Abstract
A series of coumarin pyridinethiones and pyridinones has been synthesized employing a range of substituted cyanothioacetamides and cyanoacetamides intermediates. Coumarin pyridinethiones and pyridinones bear different substituents including electron donating groups such as methyl, methoxy dimethylamine in addition to chloro, bromo and nitro as electron withdrawing groups were chosen to study the structure/electrochemical relationship. The influence of electron donating group and electron withdrawing group on different positions of coumarin scaffold was studied utilizing cyclic voltammetry and controlled potential electrolysis at platinum and glassy carbon electrodes. The electrochemical redox mechanisms of synthesized coumarins were proposed and the oxidation and reduction pathways were determined. Data for cyclic voltammetry and controlled potential electrolysis proved that amine center served as the oxidation center, while thiocarbonyl and carbonyl groups were identified as the reduction centers.

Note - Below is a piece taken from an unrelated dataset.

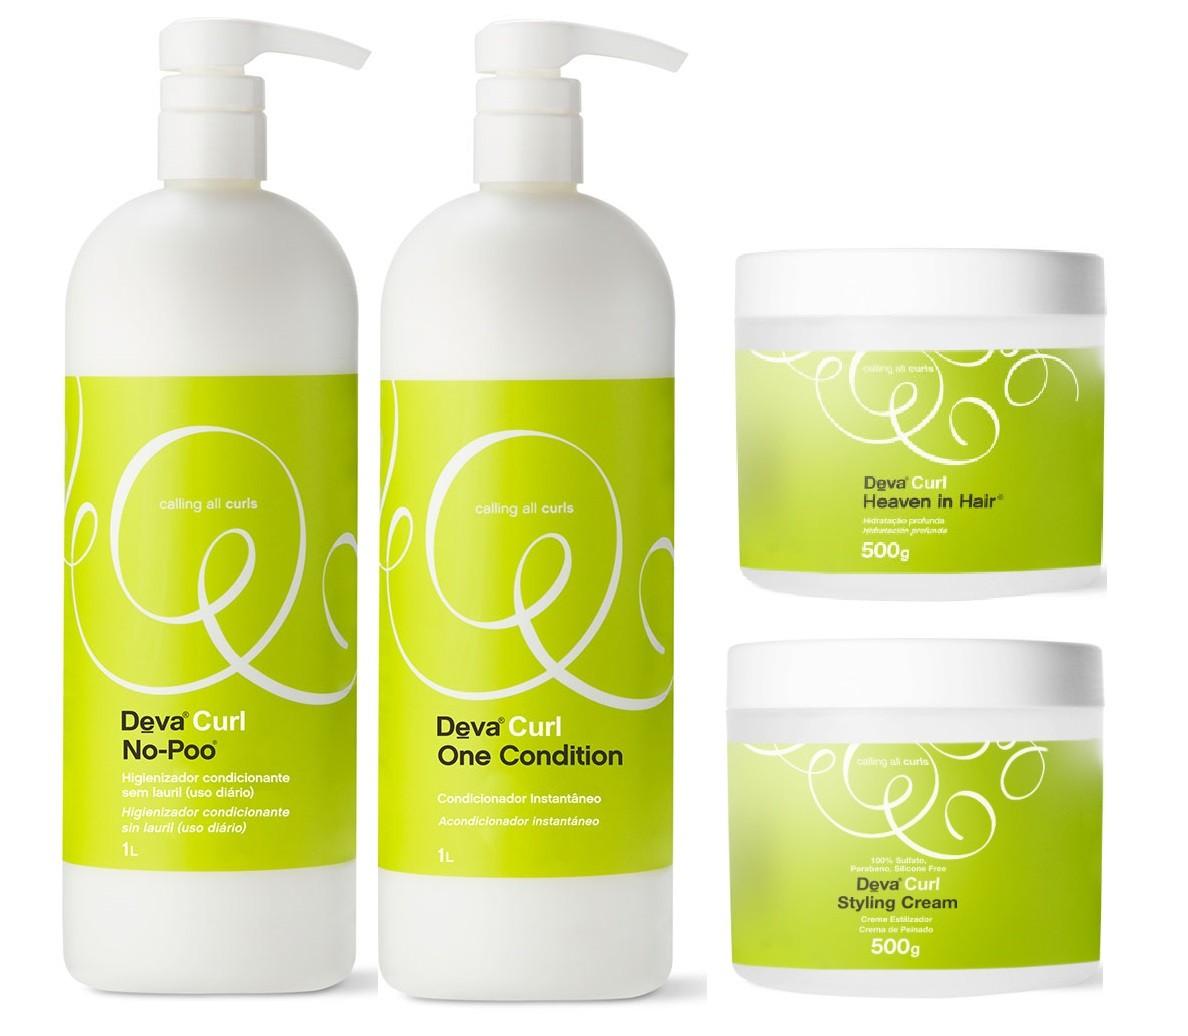 Deva Curl Original 2x1000, Styling Cream e Heaven Hair 500g

A series of coumarin derived pyridinethiones and pyridinones has been synthesized. The electrochemical properties have been studied using cyclic voltammetry and controlled potential electrolysis at Pt and glassy carbon electrodes. Substituent effects of electron withdrawing and electron donating groups at different positions of coumarin scaffold were explored to establish structure/electrochemical relationship profile. The electrochemical redox mechanisms of the synthetic coumarin analogues have been proposed. The electrochemical data suggests amine as oxidation center, and thiocarbonyl group as reduction center.